Beyond the equipment, the costs, and the training, are the people doing the work and people affected by the death of a loved one.
“People lose what medical examiners and coroners do in the TV perception of that. That we’re cold-hearted individuals that are simply interested in snatching bodies and cutting them up. That’s not the case. Everybody on my team, we’re all humans, we have the same emotions that everybody else does. Challenging scenes can be challenging for all of us. I try to coach and let my people know that empathy and emotions on scene is not a bad thing. That way, the families know that we’re human too but we have to be able to walk with that and still do our job. Our job is to get the answers as to why somebody’s passed away,” Hallagin said.
Ushering the dead into a van, taking pictures and notes, connecting with law enforcement and the coroner are all crucial to the job but guiding the living through the first moments of grief and loss is the part of the job where Hallagin said he helps the most.

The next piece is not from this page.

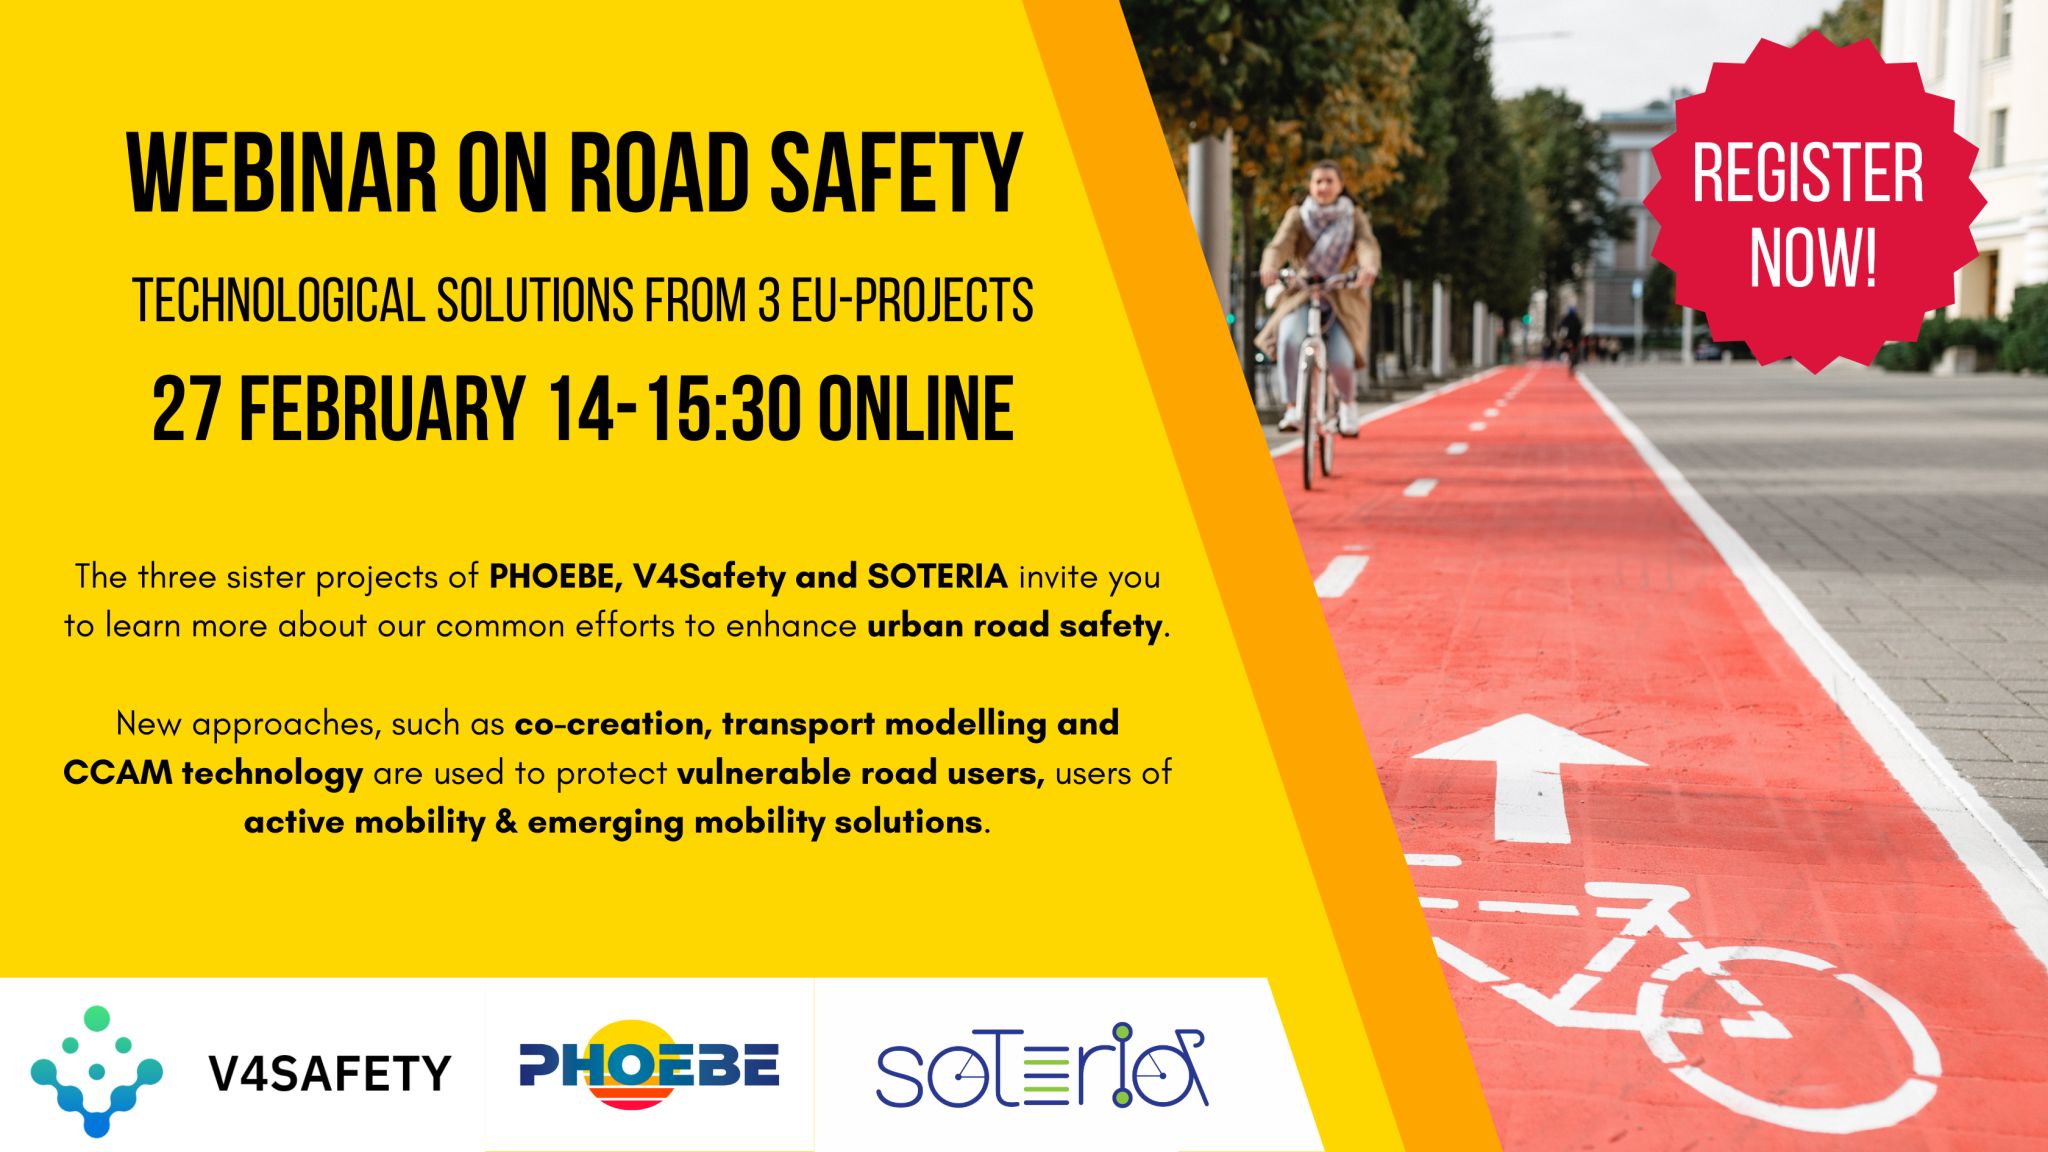 Joint Webinar on Road Safety: Follow the Innovative Technological Solutions proposed by 3 EU-funded projects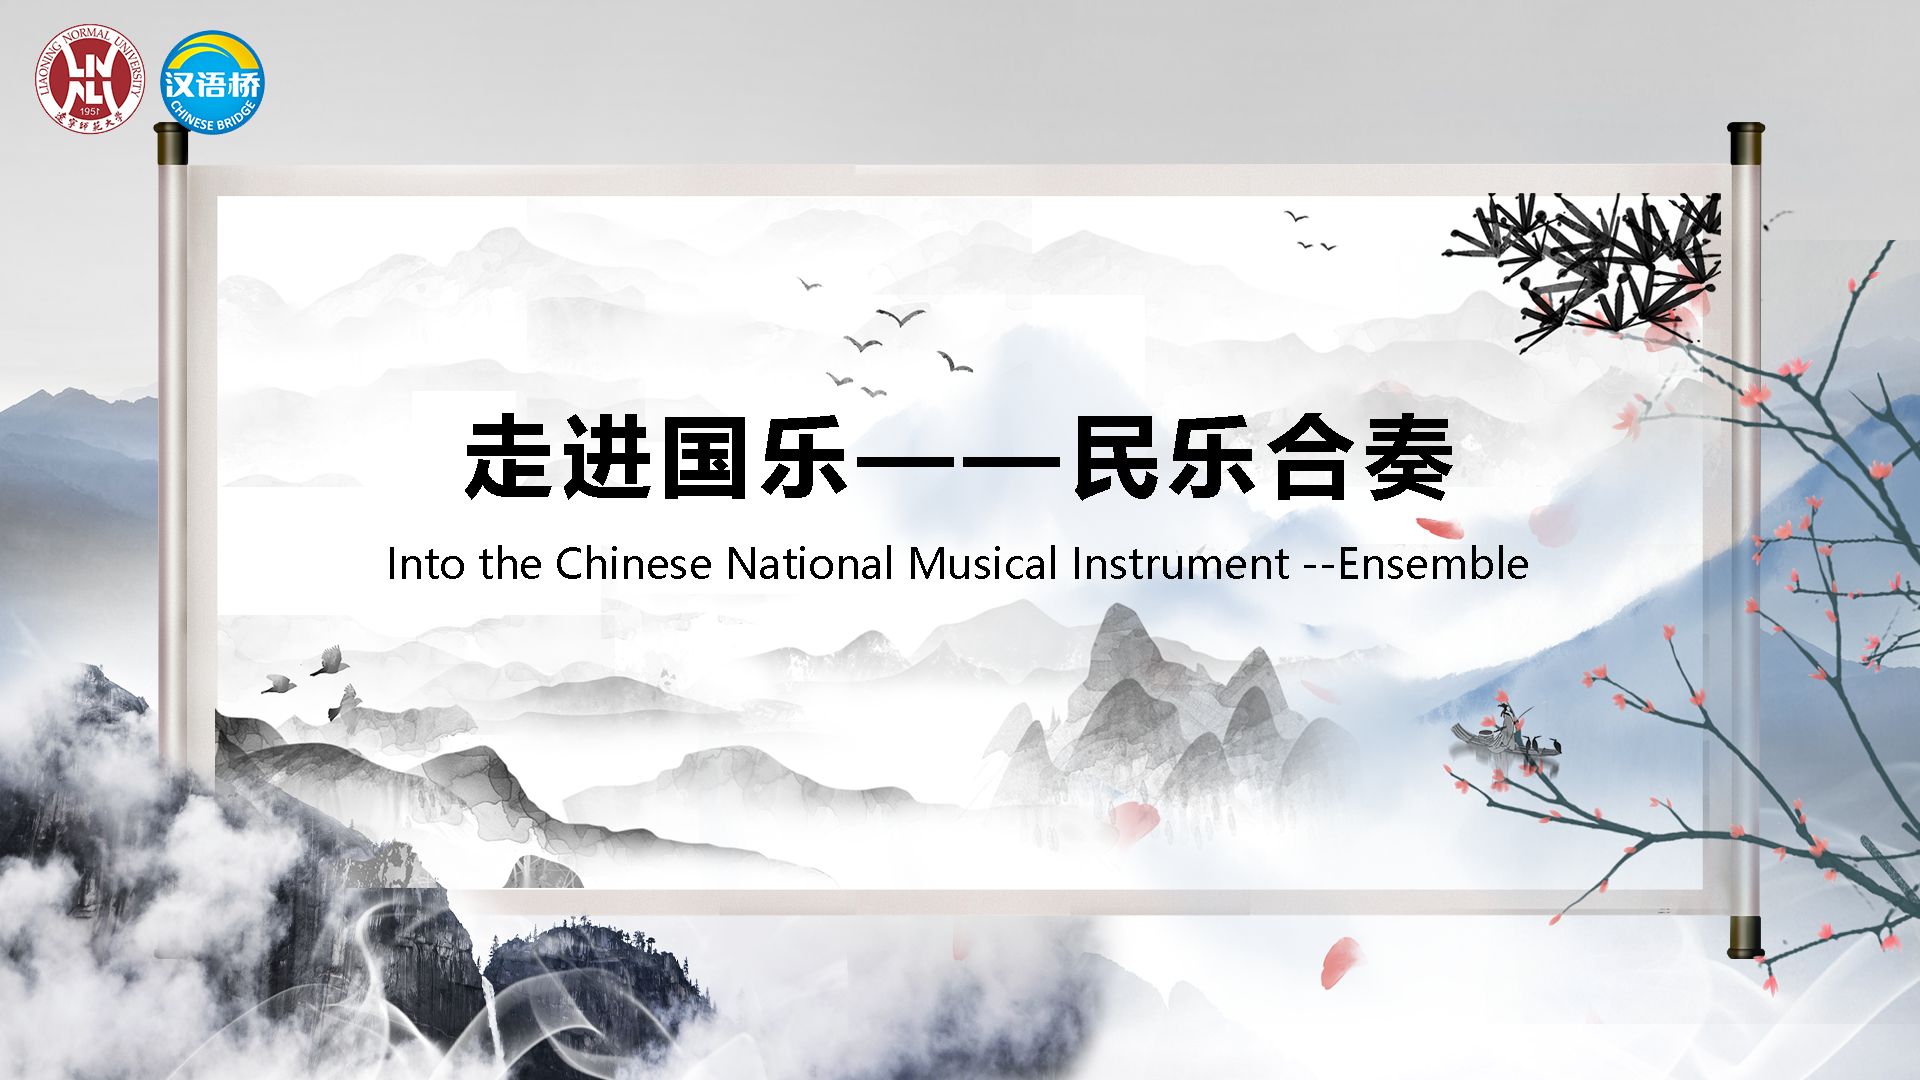 Into the Chinese National Musical Instrument --Ensemble

“People always say it gets better. I don’t tell people that. Everybody grieves in their own ways. I try to express to people that how they grieve is how they grieve. Don’t let somebody else tell you how to grieve. You have to go through the process yourself. It’s a very individual, sometimes public, sometimes a private process. You have to go through your own steps in your own way. If you don’t, then it comes back and haunts you. You live with grief, but you don’t ever get over it. Sometimes it’s behind (you) and then it jumps back out. That’s why I try to relate to people that this is not a normal process. It’s how you deal with it, how you move through it. It’s not how TV or a friend or whoever tells you that you have to cry, you have to manage, you have to accept it. It’s not that cut and dry,” Hallagin said.